▸ Work item
Using the listing below, print the line containing "Indiana IN mappe", the line containing "Tổng thống Hoa", and each line between them, exactly and nothing else. Pictures stay out of the print.

▸ Material provided
++++++++
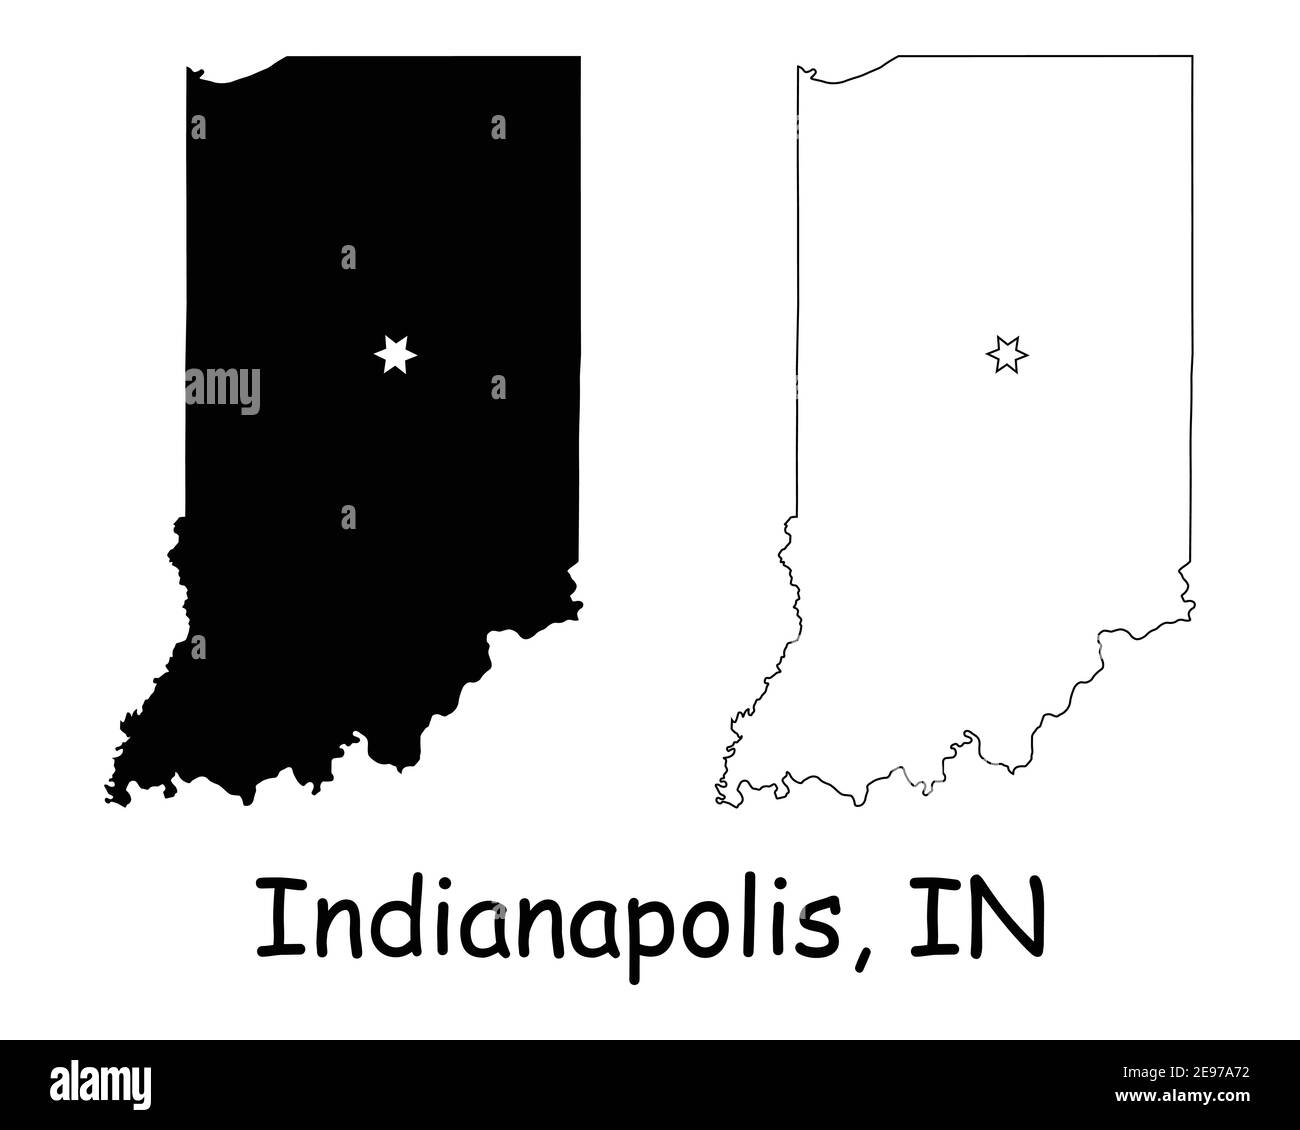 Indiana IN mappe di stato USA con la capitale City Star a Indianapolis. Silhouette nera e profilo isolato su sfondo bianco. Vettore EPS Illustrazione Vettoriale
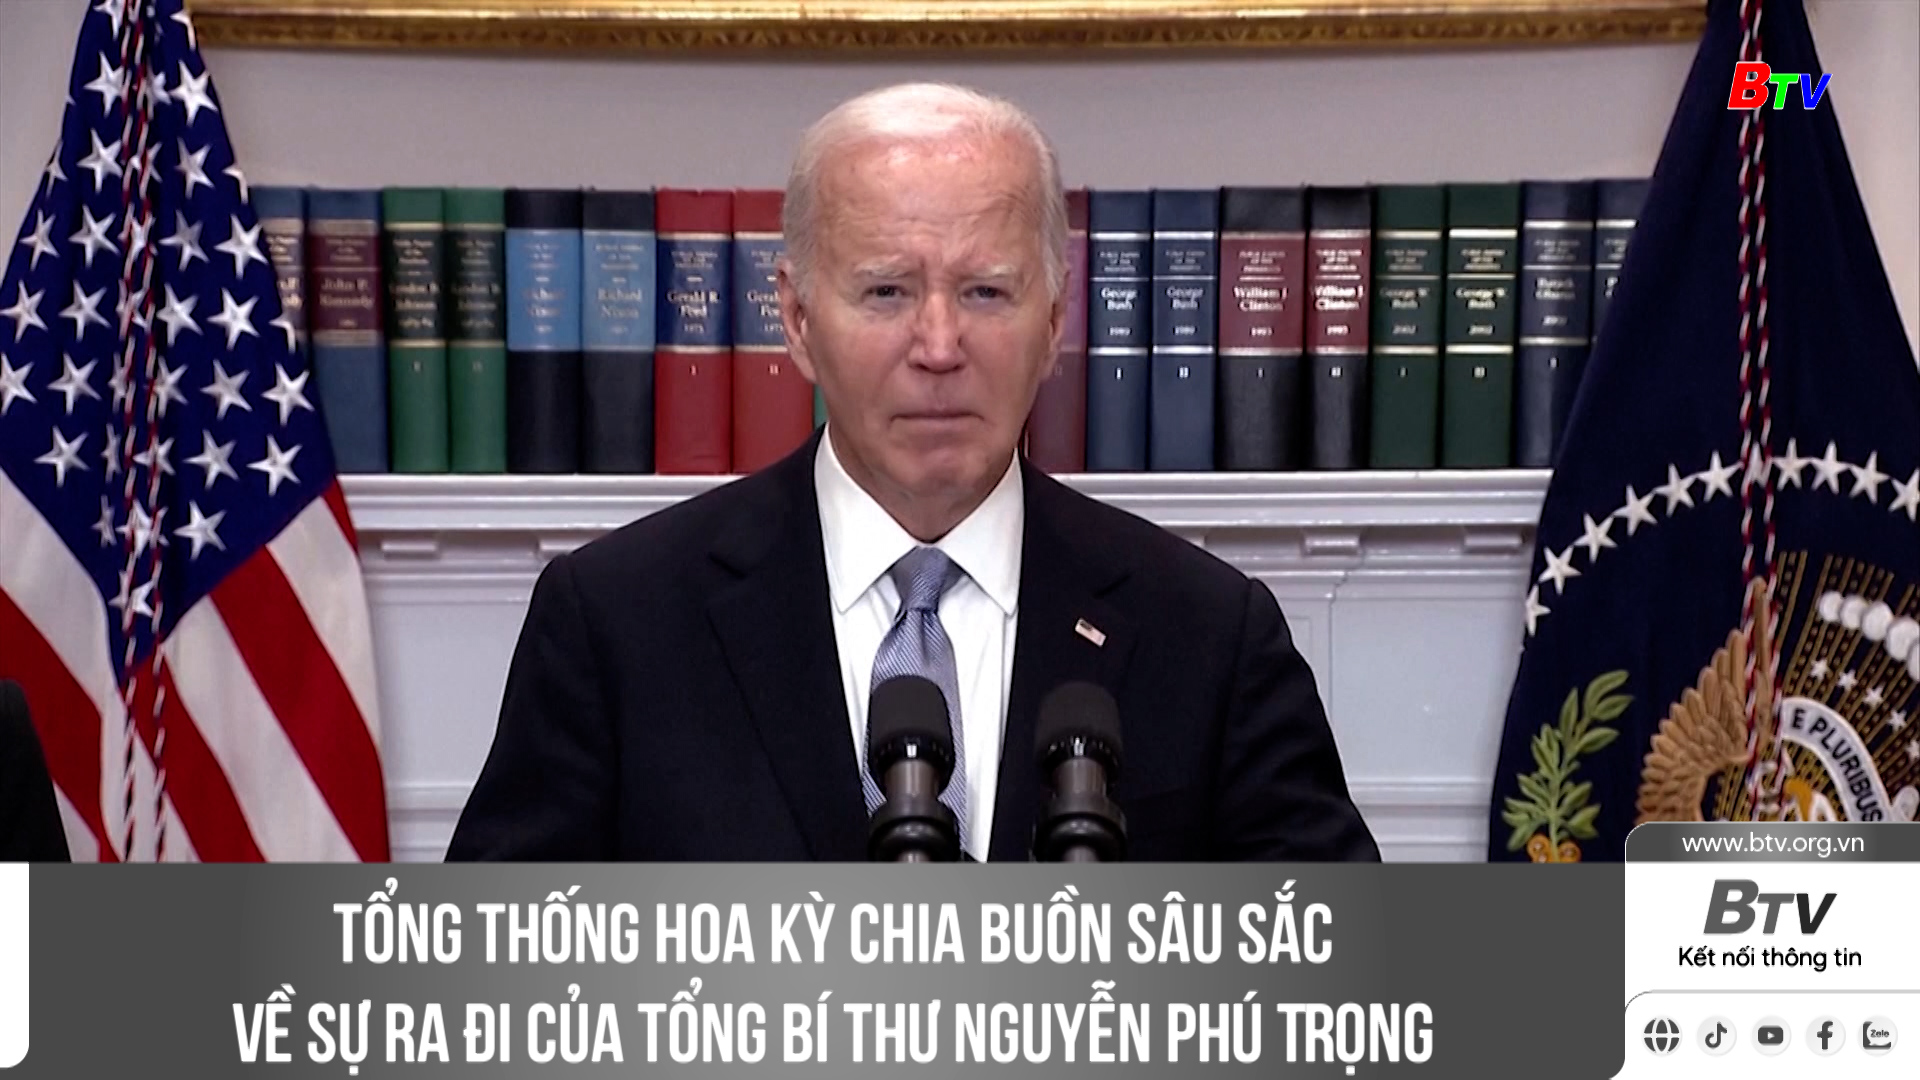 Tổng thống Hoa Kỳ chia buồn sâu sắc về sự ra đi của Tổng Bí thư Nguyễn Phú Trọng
++++++++
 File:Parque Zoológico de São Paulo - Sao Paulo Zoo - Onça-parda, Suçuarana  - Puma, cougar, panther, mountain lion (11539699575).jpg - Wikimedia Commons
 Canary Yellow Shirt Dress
++++++++
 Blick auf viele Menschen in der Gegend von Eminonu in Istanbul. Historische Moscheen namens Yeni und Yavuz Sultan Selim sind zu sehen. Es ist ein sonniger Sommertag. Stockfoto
++++++++
▸ Solution to the problem
 Indiana IN mappe di stato USA con la capitale City Star a Indianapolis. Silhouette nera e profilo isolato su sfondo bianco. Vettore EPS Illustrazione Vettoriale
 Tổng thống Hoa Kỳ chia buồn sâu sắc về sự ra đi của Tổng Bí thư Nguyễn Phú Trọng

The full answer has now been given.